Mr. Chase said he had prepared it, as well as circumstances would permit; and submitted the following motion:

“Samuel Chase moves for permission to read his answer, by himself and his counsel, at the bar of this honorable Court.”

The President asked him if it was the answer on which he meant to rely? to which he replied in the affirmative.

The motion being agreed to by a vote of the Senate, Mr. Chase commenced the reading of his answer, (in which he was assisted by Messrs.
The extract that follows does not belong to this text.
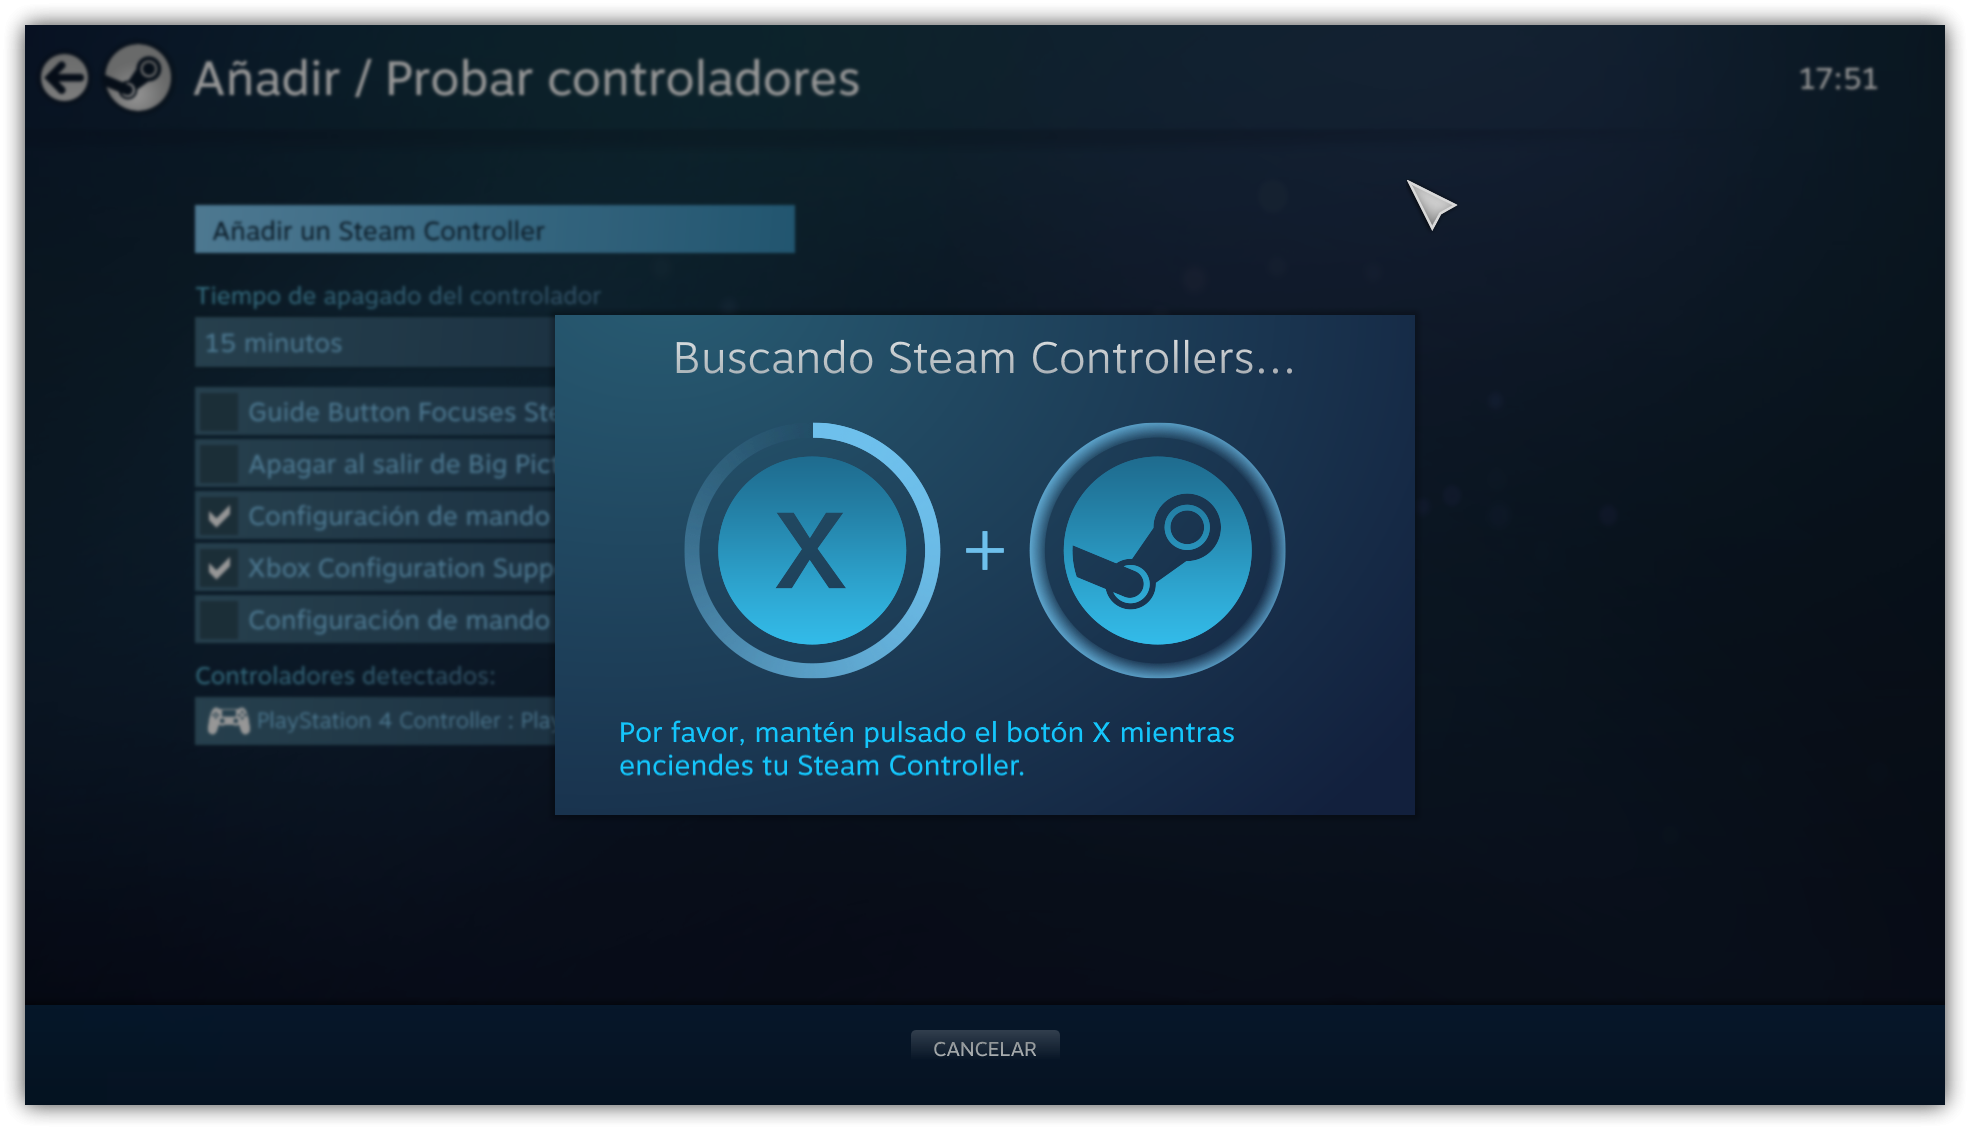 ps4 controller as steam controller software

Harper and Hopkinson,) as follows:[21]

This respondent, in his proper person, comes into the said Court, and protesting that there is no high crime or misdemeanor particularly alleged in the said articles of impeachment, to which he is, or can be bound by law to make answer; and saving to himself now, and at all times hereafter, all benefit of exception to the insufficiency of the said articles, and each of them, and to the defects therein appearing in point of law, or otherwise; and protesting also, that he ought not to be injured in any manner, by any words, or by any want of form in this his answer; he submits the following facts and observations by way of answer to the said articles.

The first article relates to his supposed misconduct in the trial of John Fries, for treason, before the circuit court of the United States at Philadelphia, in April and May, 1800; and alleges that he presided at that trial, and that, “unmindful of the solemn duties of his office, and contrary to the sacred obligation by which he stood bound to discharge them faithfully and impartially, and without respect to persons,” he did then, “in his judicial capacity, conduct himself in a manner highly arbitrary, oppressive, and unjust.”

This general accusation, too vague in itself for reply, is supported by three specific charges of misconduct:

1st. “In delivering an opinion, in writing, on the question of law, on the construction of which the defence of the accused materially depended:” which opinion, it is alleged, tended to prejudice the minds of the jury against the case of the said John Fries, the prisoner, before counsel had been heard in his favor.

2d. “In restricting the counsel for the said John Fries, from recurring to such English authorities as they believed apposite; or from citing certain statutes of the United States which they deemed illustrative of the positions, upon which they intended to rest the defence of their client.”

3d. “In debarring the prisoner from his constitutional privilege of addressing the jury (through his counsel) on the law, as well as on the fact, which was to determine his guilt or innocence, and at the same time endeavoring to wrest from the jury their indisputable right to hear argument, and determine upon the question of law, as well as the question of fact, involved in the verdict which they were required to give.”